--- MATERIAL PROVIDED ---
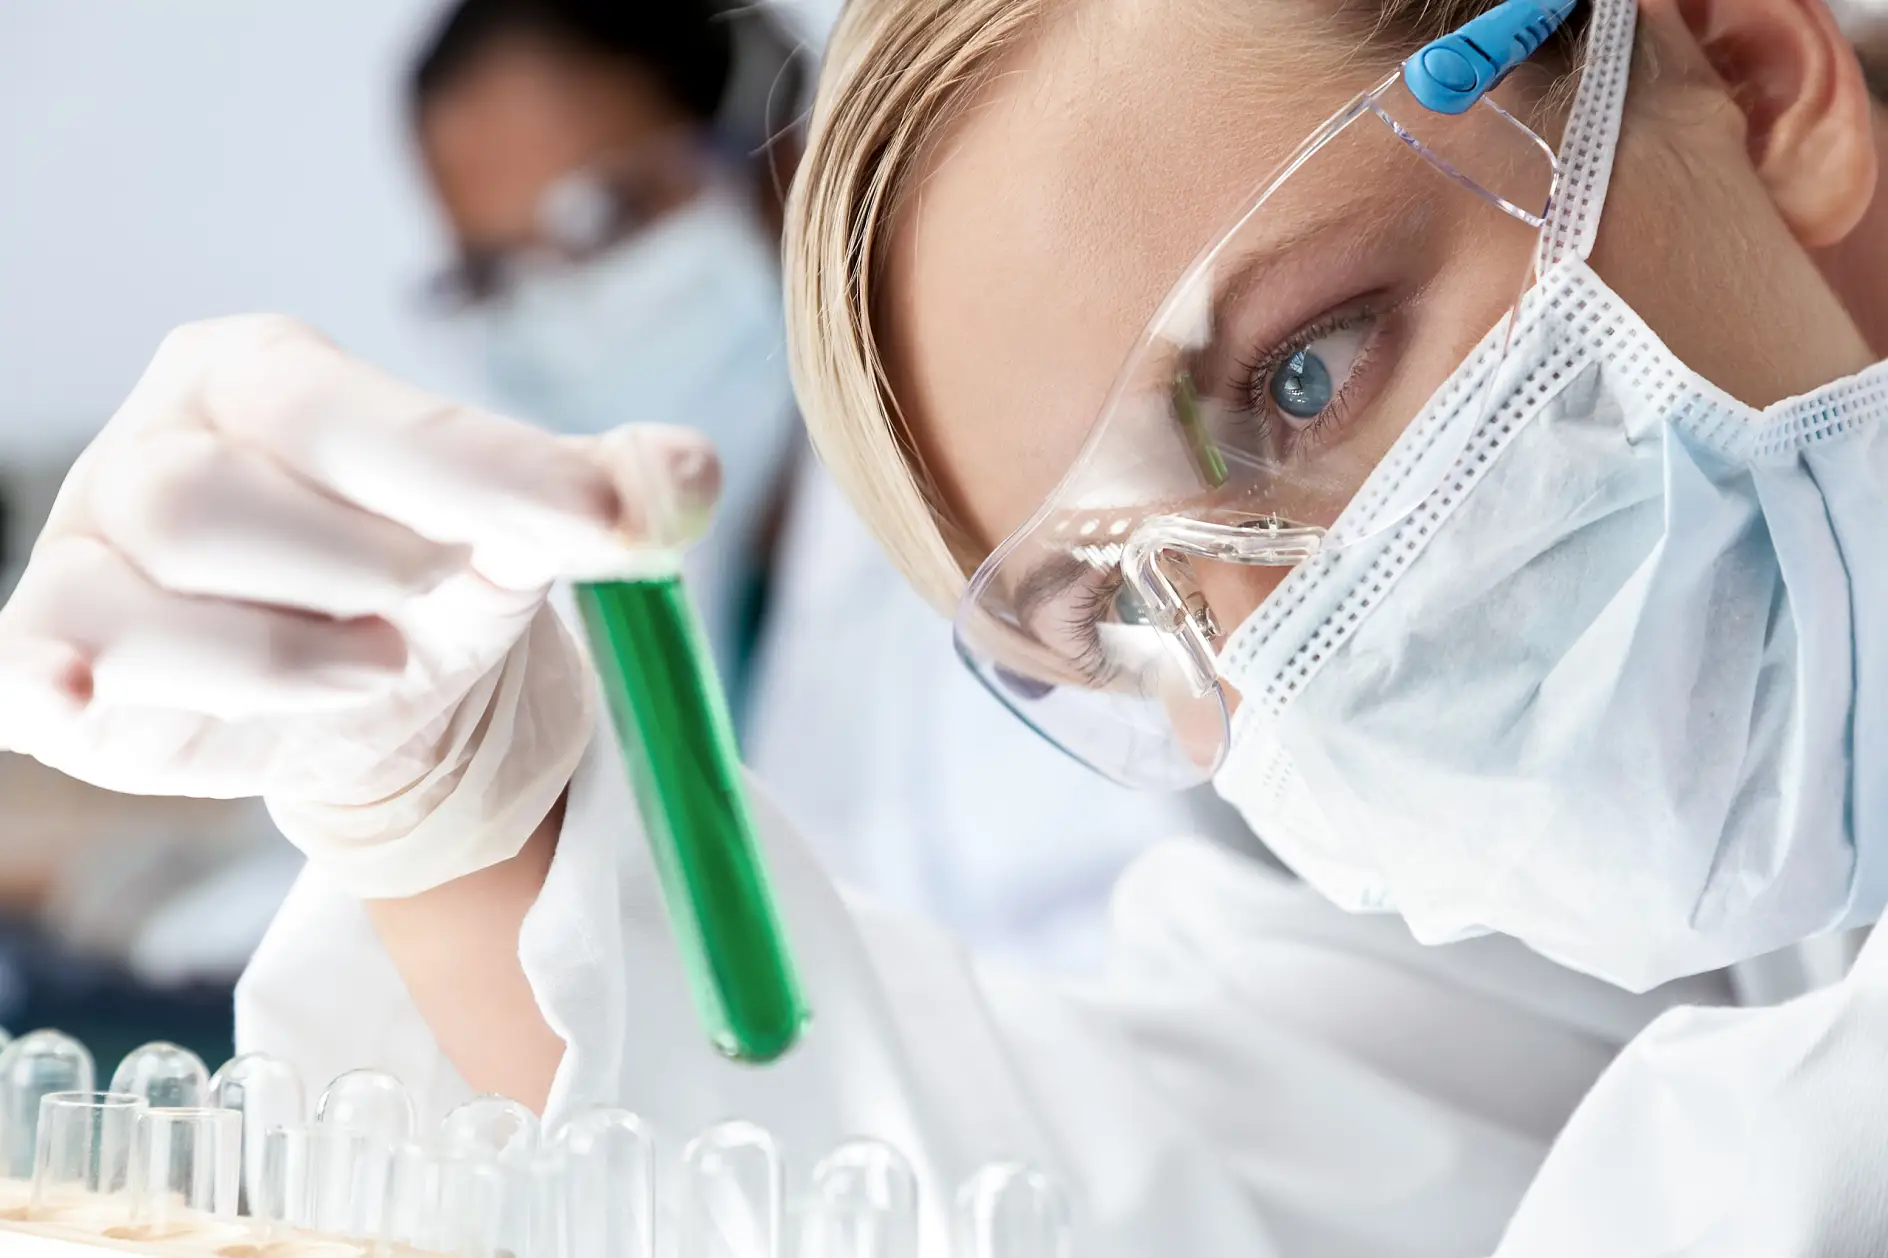 A female medical or scientific researcher or doctor looking at a green solution in a laboratory with her Asian female colleague out of focus behind her.
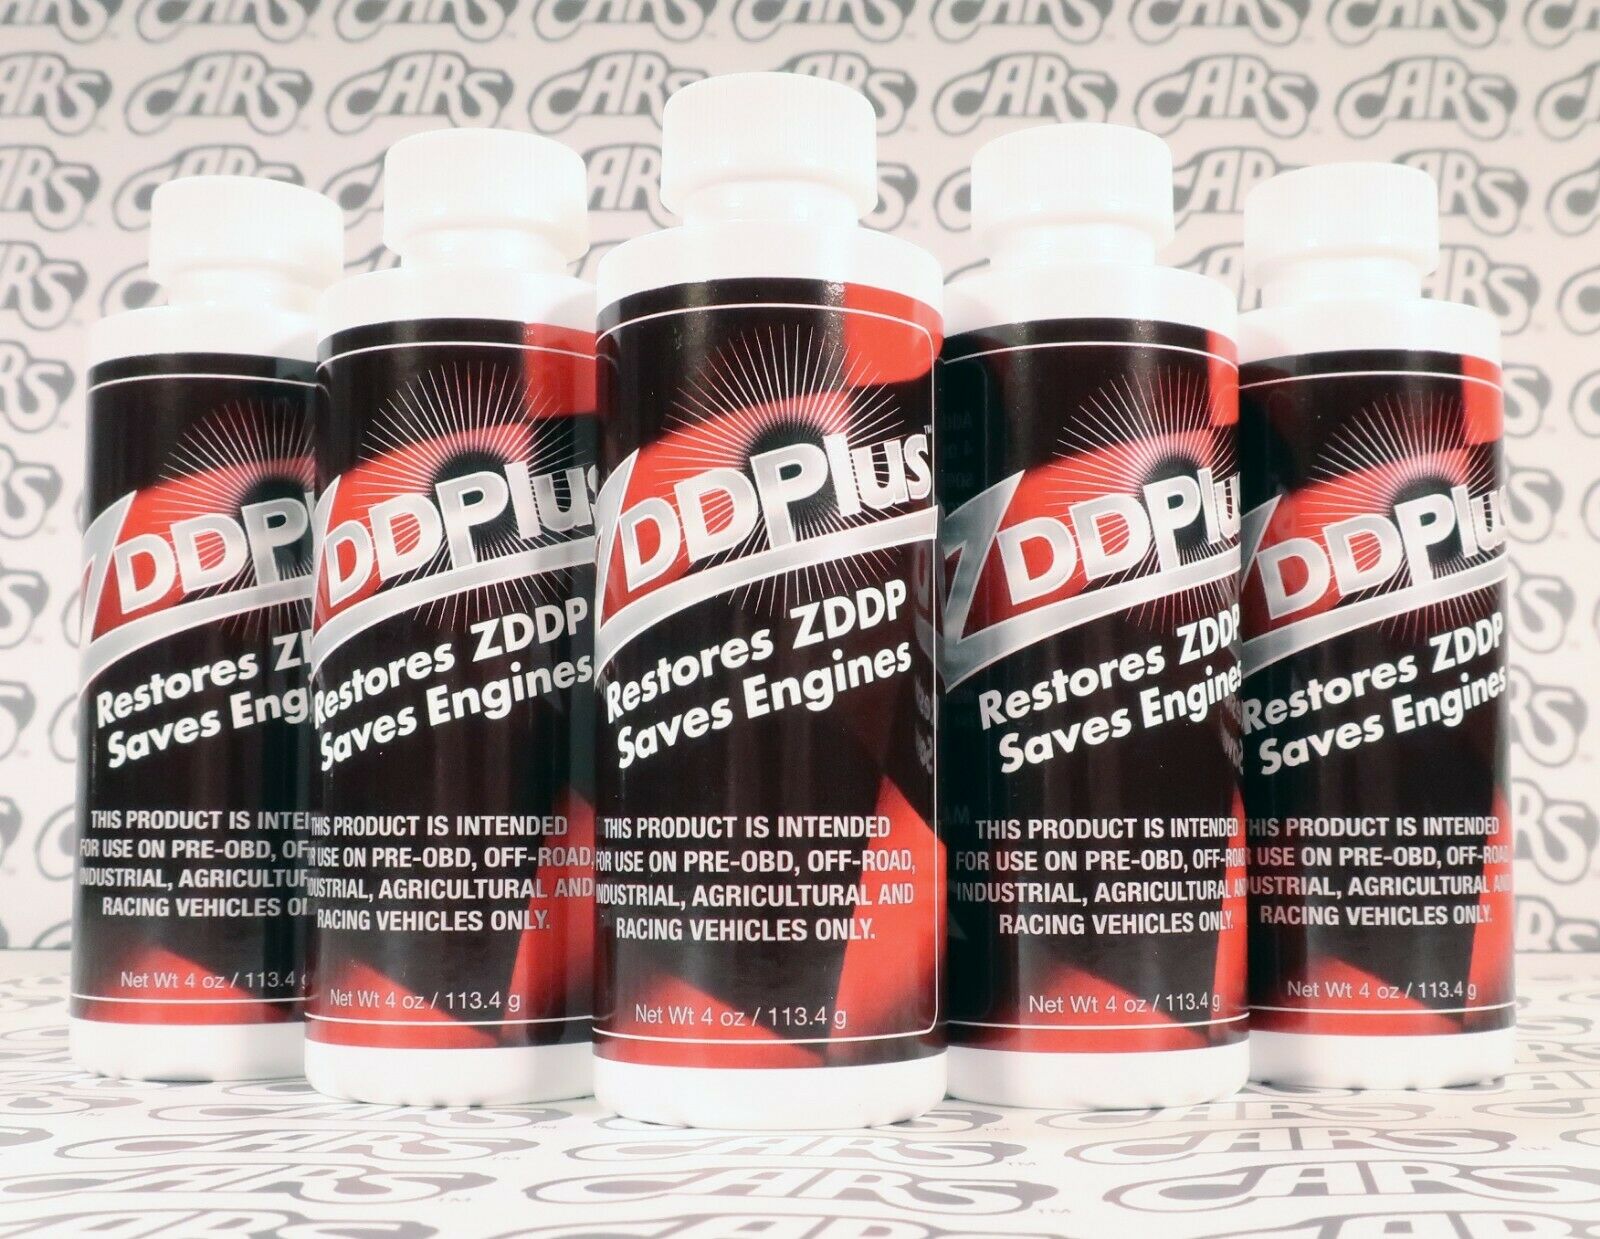 Zddplus Zddp Engine Oil Additive Restores Zinc Every Oil Change. 5 Pack Discount
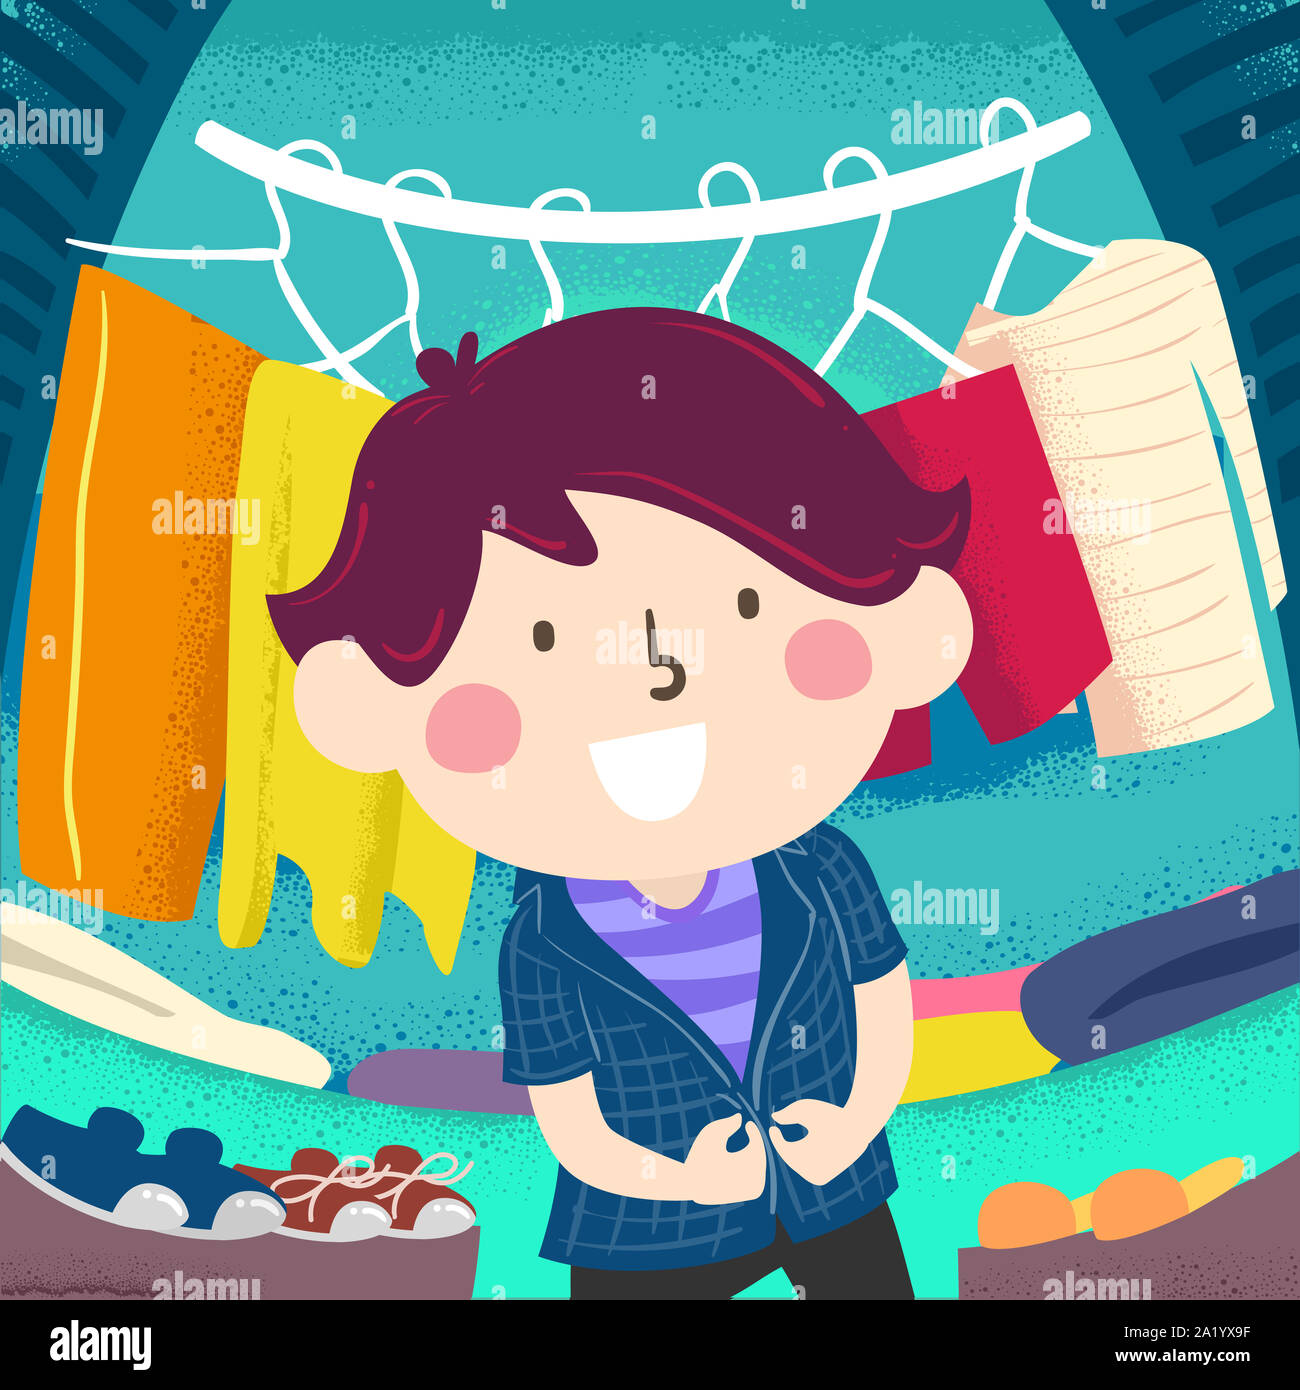 Illustration of a Kid Boy Looking for Appropriate Clothing for the Day from Inside His Closet Stock Photo
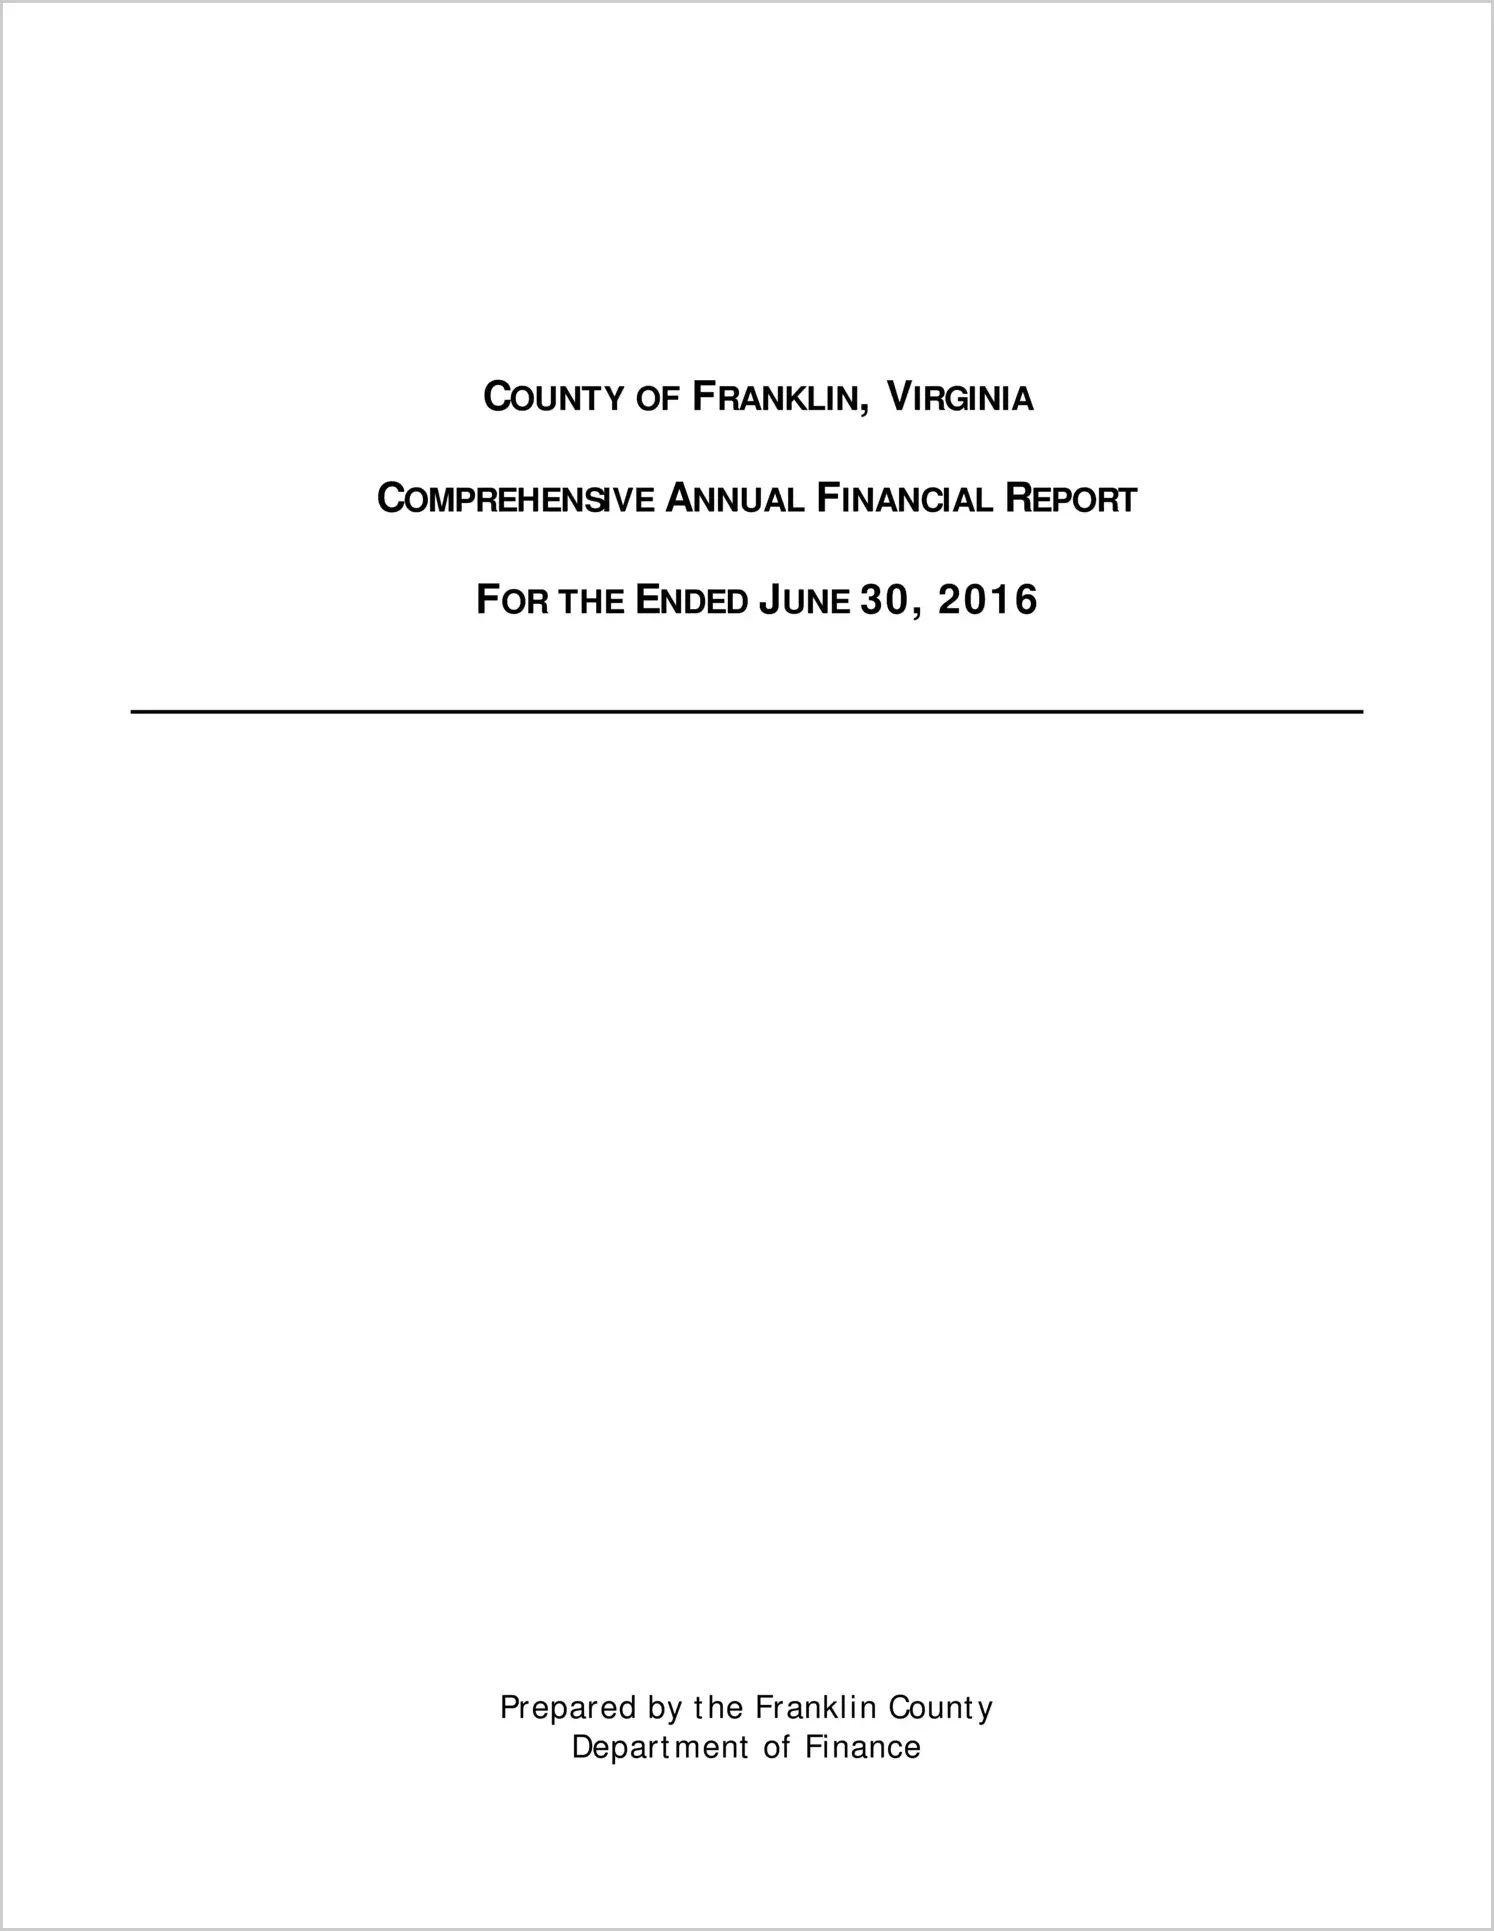 2016 Annual Financial Report for County of Franklin
---
_INSTRUCTIONS TO FOLLOW_
Restate all of the material above word for word. Pictures do not belong in it.

_SOLVED PROBLEM_
 A female medical or scientific researcher or doctor looking at a green solution in a laboratory with her Asian female colleague out of focus behind her.
 Zddplus Zddp Engine Oil Additive Restores Zinc Every Oil Change. 5 Pack Discount
 Illustration of a Kid Boy Looking for Appropriate Clothing for the Day from Inside His Closet Stock Photo
 2016 Annual Financial Report for County of Franklin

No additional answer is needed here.